1. Introduction.- 2. Digital Speech Corpora.- 3. Language Corpora: Indian Scenario.- 4. Issues in Corpus Generation.- 5. Process of Corpus .- 6. Corpus Sanitation and Pre-Editing.- 7. Statistical Studies on Corpus.- 8. Corpus Text Processing.- 9. Corpus as Primary Resource for ELT.- 10. Corpus as Secondary resource for ELT.- 11. Corpus and Lexicography.- 12. Corpus and Dialect Study Chapter.- 13. Corpus and Word Sense Disambiguation.- 14. Corpus and Language Technology.- 15. Corpus and Other Branches of Linguistics.- 16. Corpora: Future Indian Needs.
About the Author: Niladri Sekhar Dash, PhD, is an associate professor at the Linguistic Research Unit of the Indian Statistical Institute, Kolkata, where his interests include corpus linguistics, language technology, natural language processing, language documentation and digitization, computational lexicography, computer assisted language teaching, and manual and machine translation for over two decades. He has published 15 research monographs and 160 research papers in peer-reviewed national and international journals, anthologies, and conference proceedings. He has delivered lectures and taught courses as an invited scholar at more than 30 universities and institutes in India and abroad, and has acted as a consultant for several organizations working in the field of Language Technology and Natural Language Processing. Dr. Dash is the principal investigator for 5 language technology projects funded by the Government of India and the Indian Statistical Institute, Kolkata. He is the editor-in-chief of the Journal of Advanced Linguistic Studies--an international peer-reviewed journal; and editorial board member of 5 international journals. He is a member of several linguistics associations across the globe and a regular PhD thesis adjudicator for several Indian universities. Dr. Dash is currently working on a digital pronunciation dictionary for Bangla, Hindi-Bangla parallel translation corpus generation, endangered language documentation and digitization, POS tagging and chunking, word sense disambiguation, manual and machine translation, and computer-assisted language teaching.

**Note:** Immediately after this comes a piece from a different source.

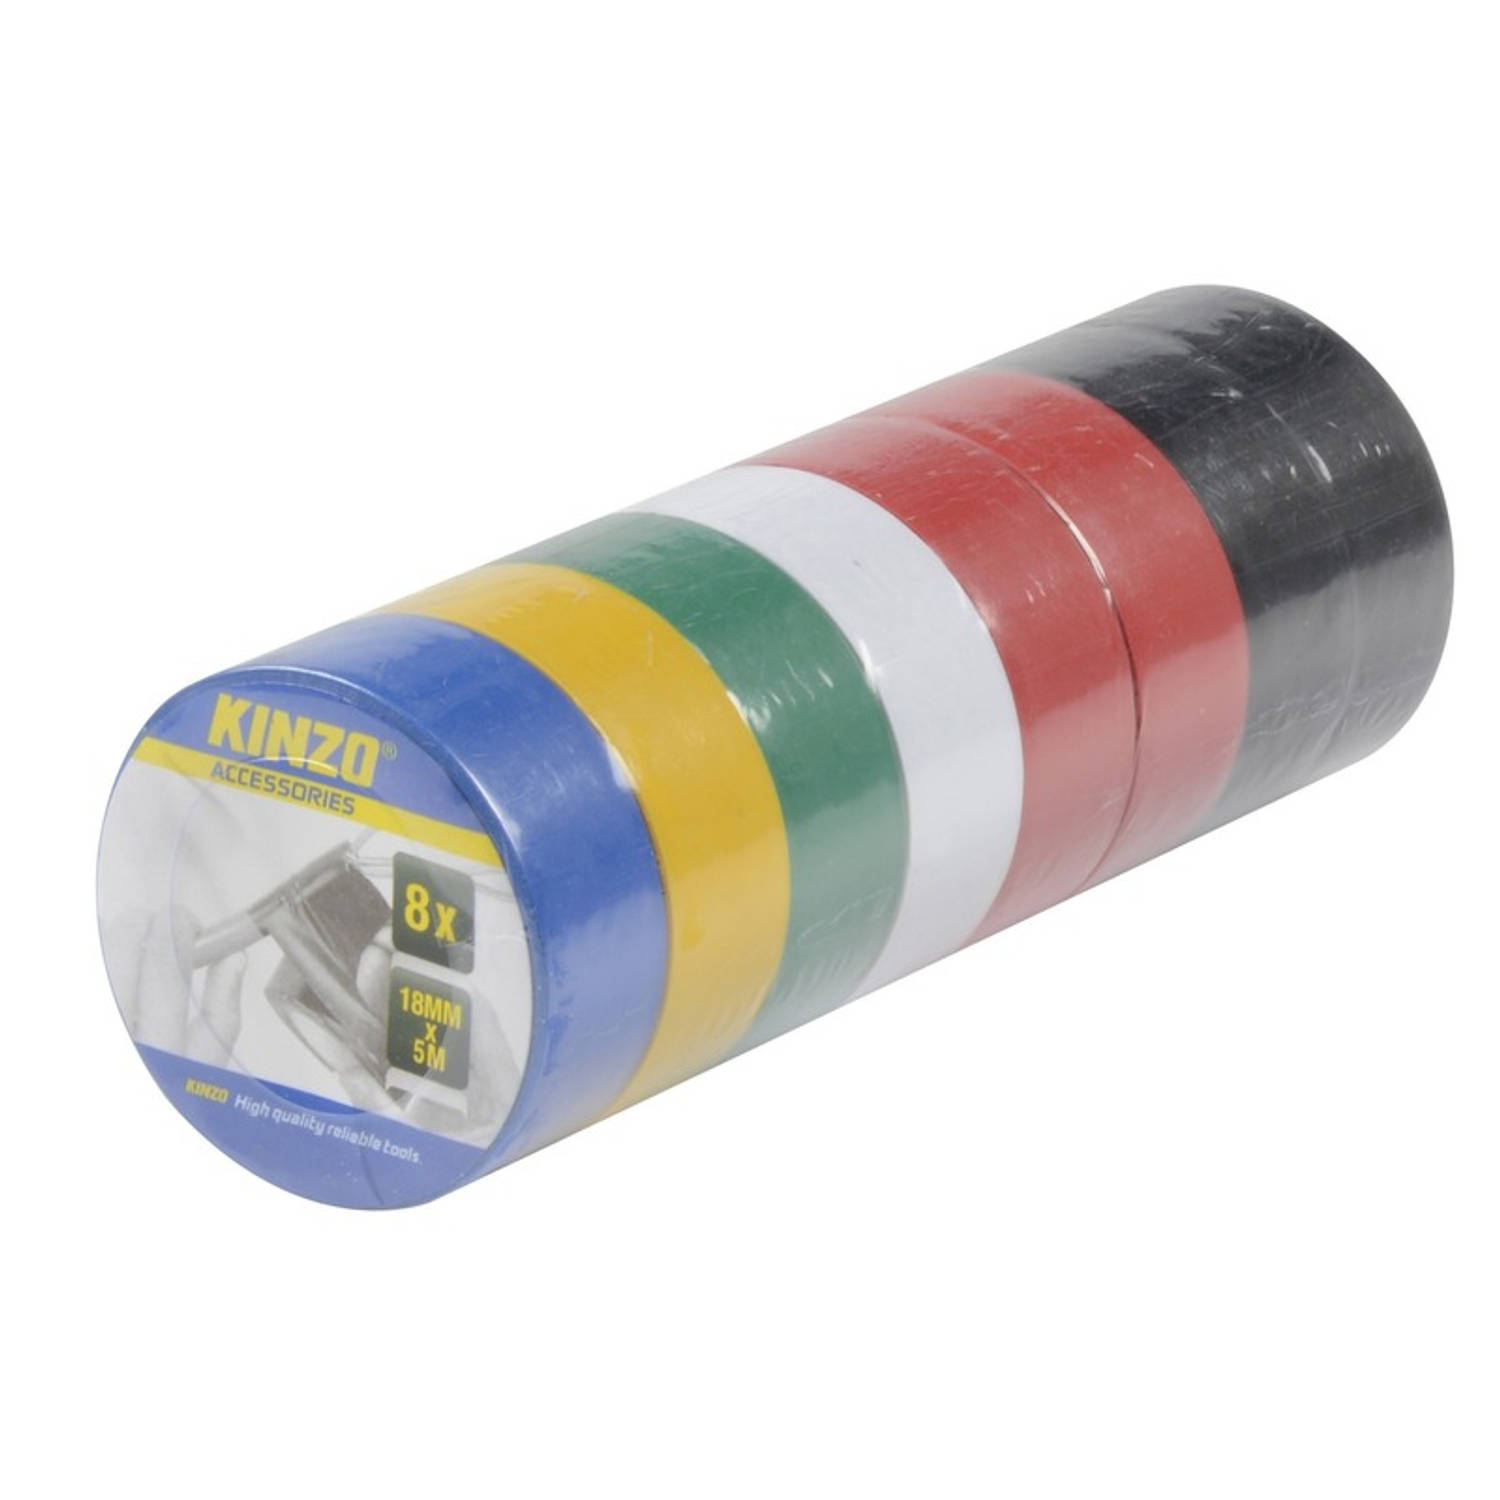 Kinzo 8x Gekleurde Rollen Isolatie Tape - 18 Mm X 5 Meter - Isolerende Tape
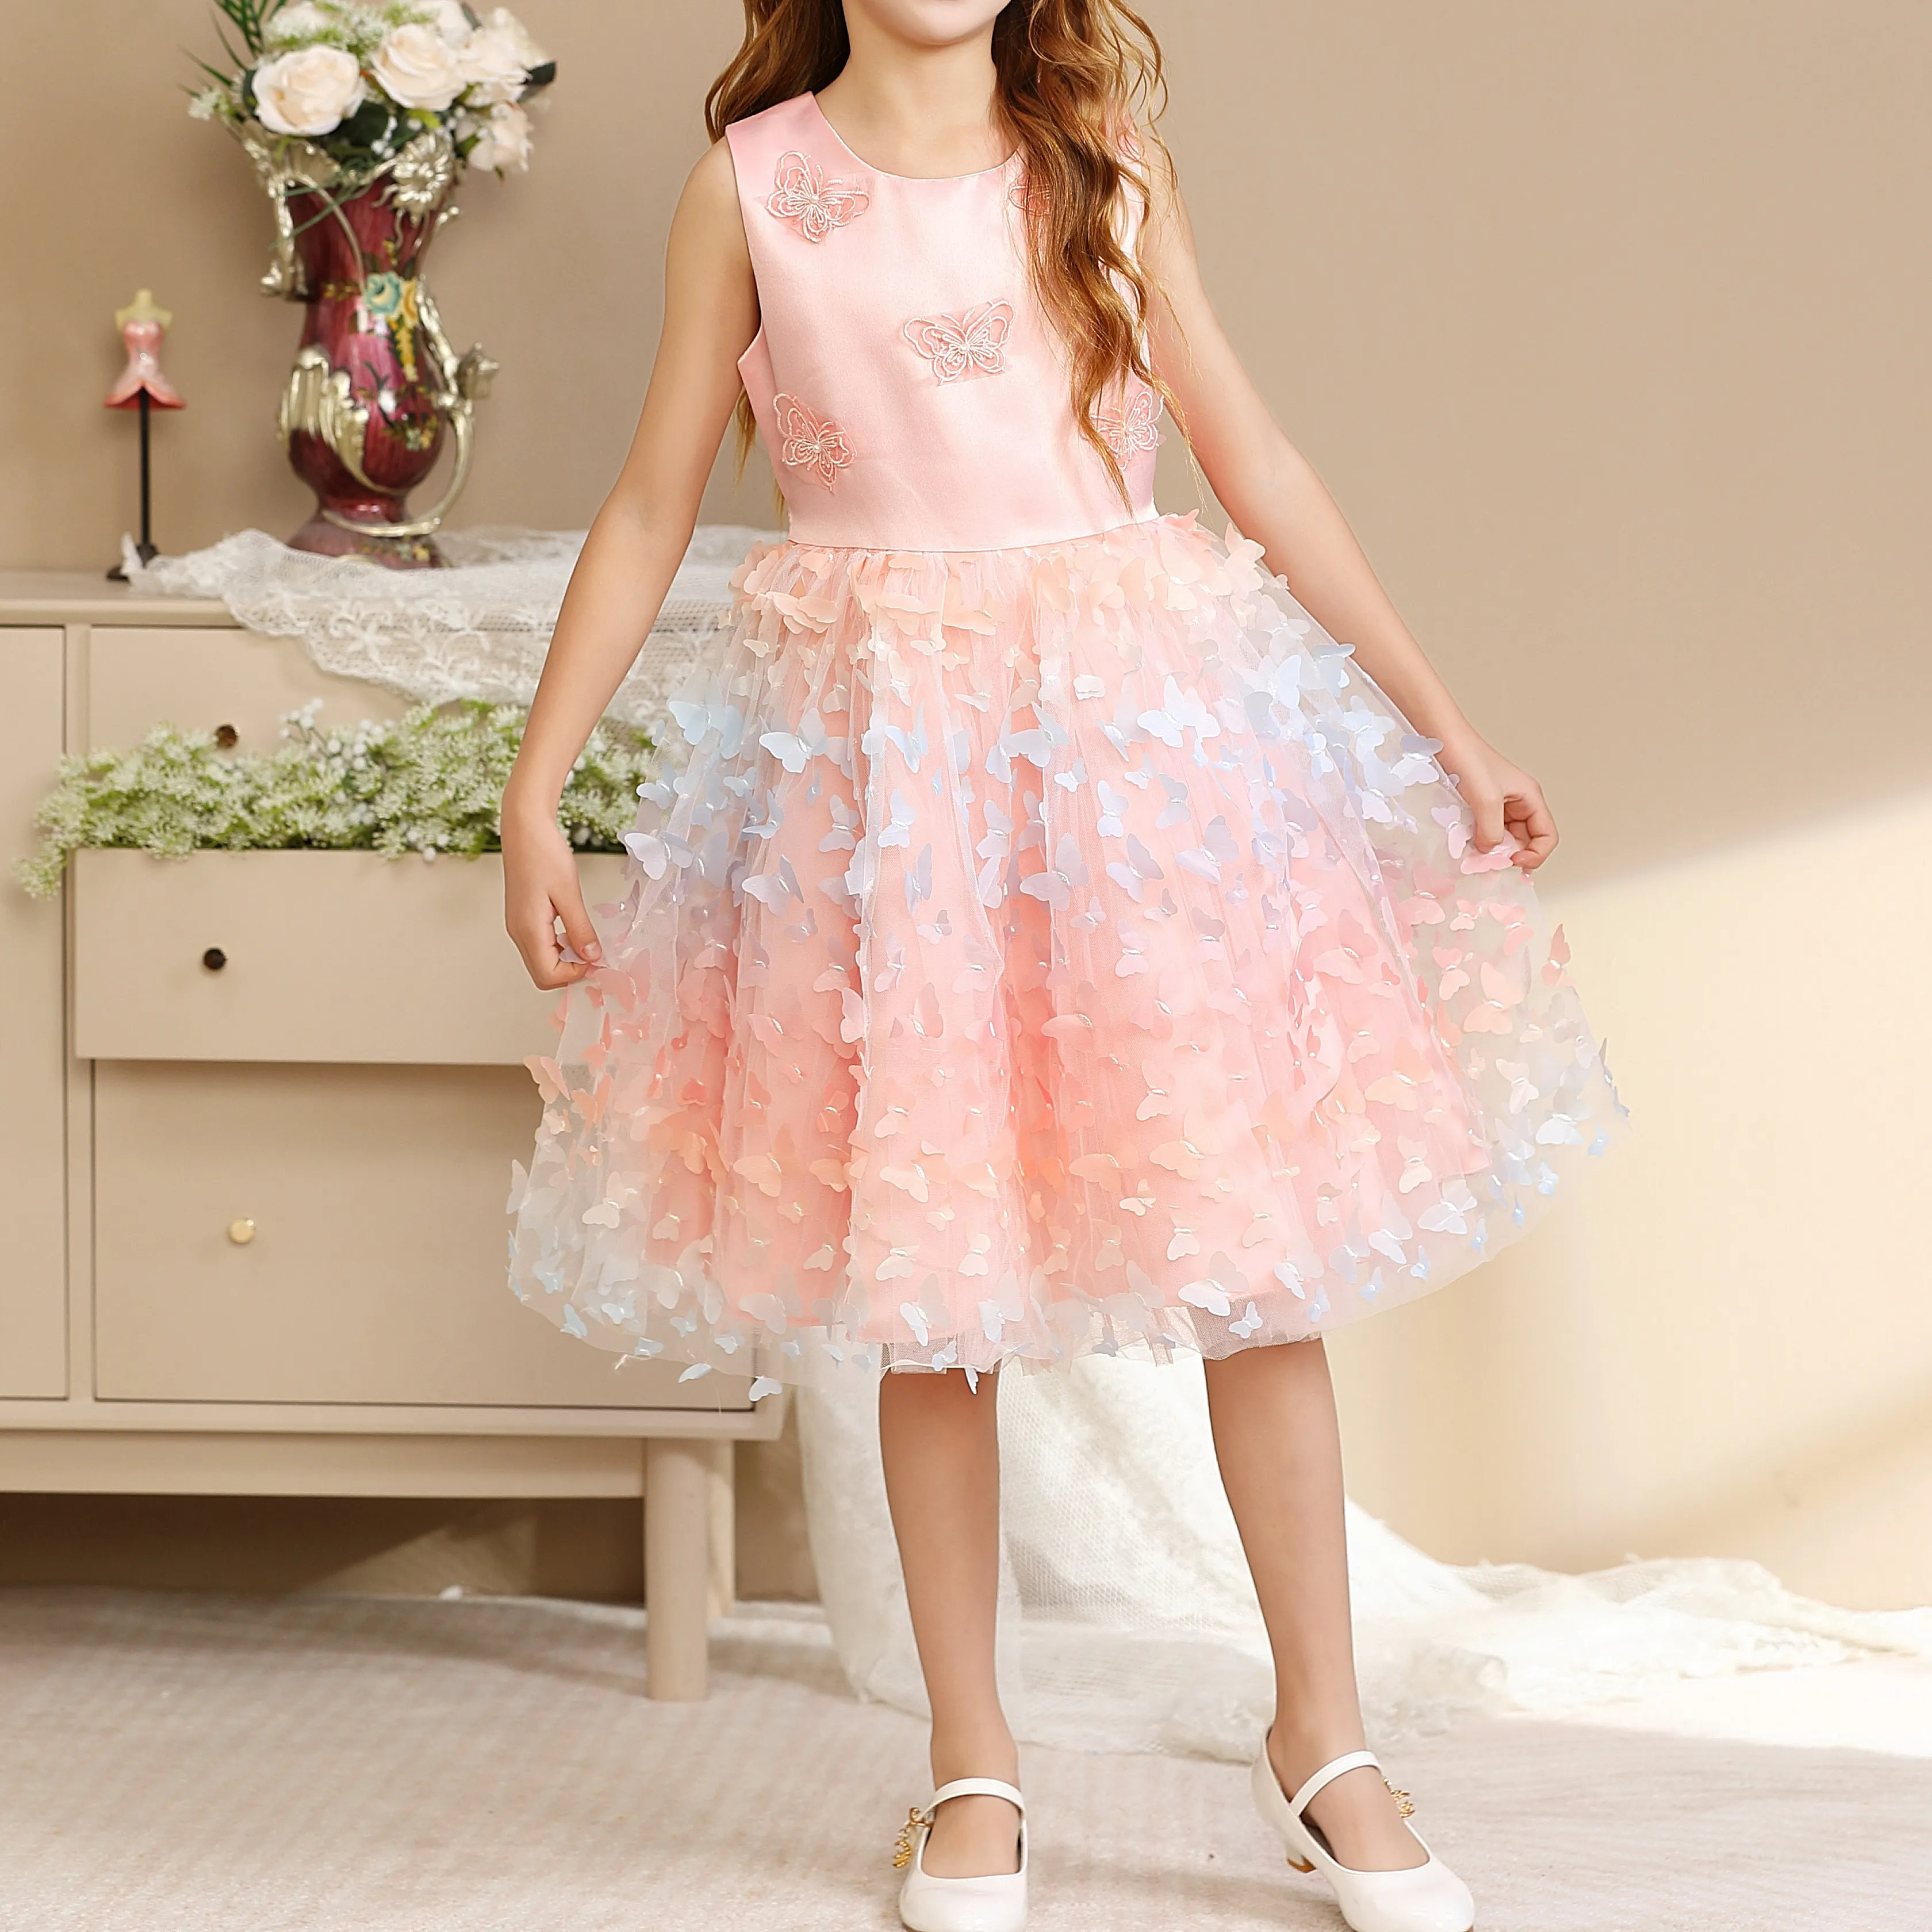 Produsen Pakaian Kustom Anak-anak Mesh Merah Muda Bentuk Gaun Putri untuk Anak Perempuan Gaun Pesta Anak-anak Mewah Gaun Pengantin Kupu-kupu

L. Ramamoorthy, PhD, is the head of the Linguistic Data Consortium for Indian Languages (LDC-IL) at the Central Institute of Indian Languages (CIIL), Mysuru, Ministry of Human Resource Development, Government of India. He is one of the leading corpus linguists in India, and is in charge of the Corpus Development Project for Indian Languages at the CIIL. Under his leadership, more than 30 scholars have been working on this mega project. He is a member/active participant of several corpus-oriented projects in India. He has conducted numerous workshops on computational and corpus linguistics in various universities and colleges in India. He has published 7 research monographs, edited 8 volumes, and published/presented 140 research papers at national and international seminars and conferences. He has guided more than 15 PhD scholars and trained school teachers, college and university teachers in and outside India in language technology, linguistics, and teaching methods. He was also the director of the Pondicherry Institute of Linguistics and Culture (for over four years), editor-in-chief of the PILC Journal of Dravidic Studies, and co-editor for Languages in India (e-Journal).